I owe my critical friend a debt. Because she sent me waaaay back into the archives, more than 40 years ago, to explore the roots of my journalistic principles, forged in the era of Watergate—when I concluded “objectivity” was a chimera.
Here’s the wrap-up paper for my 1976 class with then-University of Illinois Journalism Department head Jay Jensen (highlights added here in the 21st Century):
The Nixon administration accused the news media of coloring the news. … That criticism, however, was off the mark. If the media were guilty of anything, it was not so much “coloring the news” as refusing to mention even that any colors existed. …

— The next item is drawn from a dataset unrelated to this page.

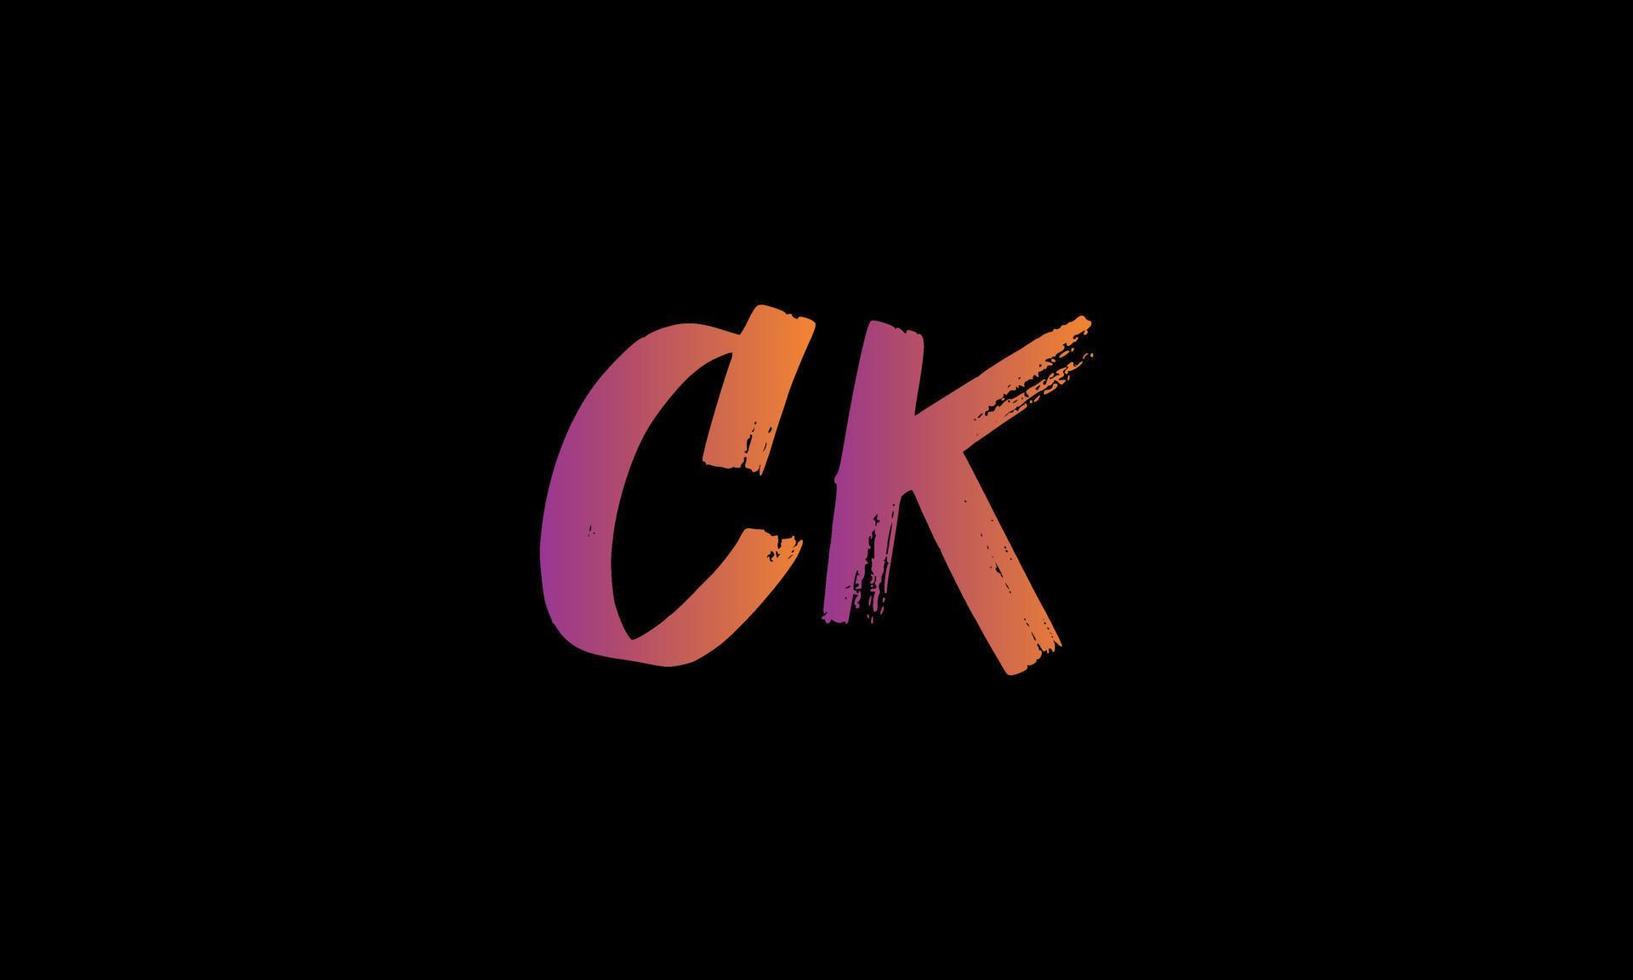 Initial Letter CK Logo. CK Brush Stock Letter Logo design Free vector template.
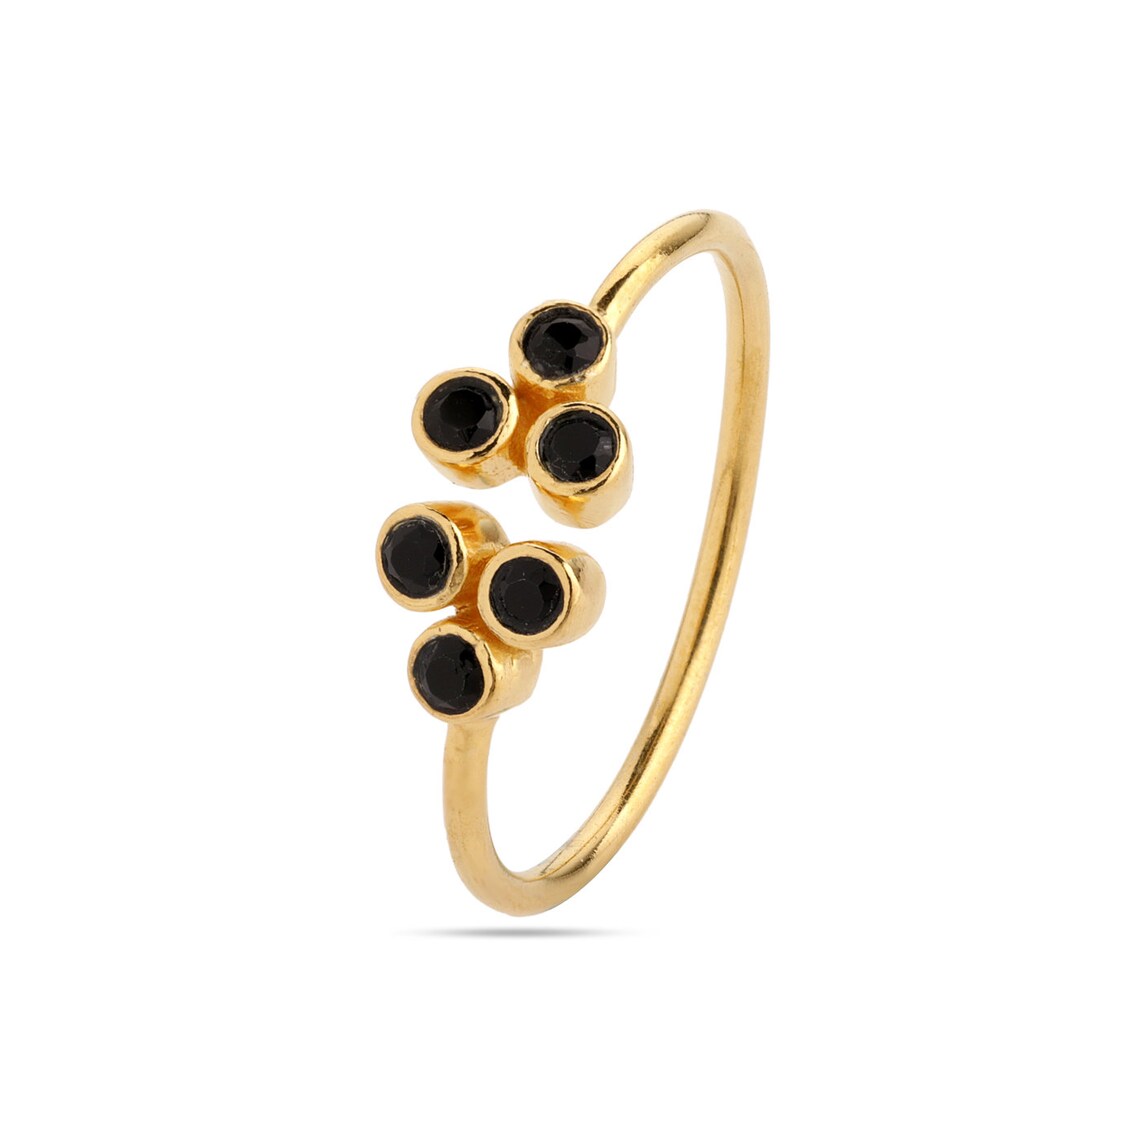 Black onyx open ring, Onyx black ring, Adjustable ring, tiny gemstone ring, Black gemstone ring, Black gemstone ring

Objectivity is a myth. … The journalist who best serves his audience is one who interviews as many persons as possible, listens to and reads as much as he can, organizing it all coherently. Just as important, though, is that he make clear his own biases and judgments. Only after knowing where the journalist is “coming from” can the audience decide where it will go on the basis of his story. …
Surely, the nation faces the greater threat not from this bunch of reporters brandishing studied biases up front but from those who carry the concealed weapons of half-truth, deception and lies.
If that last sentence brings to mind a “fair and balanced” cable TV channel that was to launch 20 years later, you’re not alone.
The criticism that journalists aren’t “objective” is as old as—older than—Watergate. And as Will Oremus noted Jan. 12 in Slate: “Traditional media outlets’ intense desire to be perceived as sober and objective [was] … a business imperative that has been transmuted into an ethical injunction.”
Here’s my July 1976 review of the book All the President’s Men—a reminder that what’s old is new:
Criticism leveled at the media by the Nixon administration cast journalists as the villains. … But the best part of All the President’s Men is that it’s removed most of the dirt dumped on the Fourth Estate during the Nixon years. Journalism schools are overcrowded, journalists are celebrities and aspiring reporters all over the country are asking questions, eyes peeled for future abuses of power.
Optimist that I am, I expect that aspect of history to repeat itself, too.
Meanwhile, to all who believe my cynicism toward government and political leaders and my willingness to discuss it openly is something new—something that somehow compromises my reputation as a responsible journalist—please know I’m still right where I was in 1976.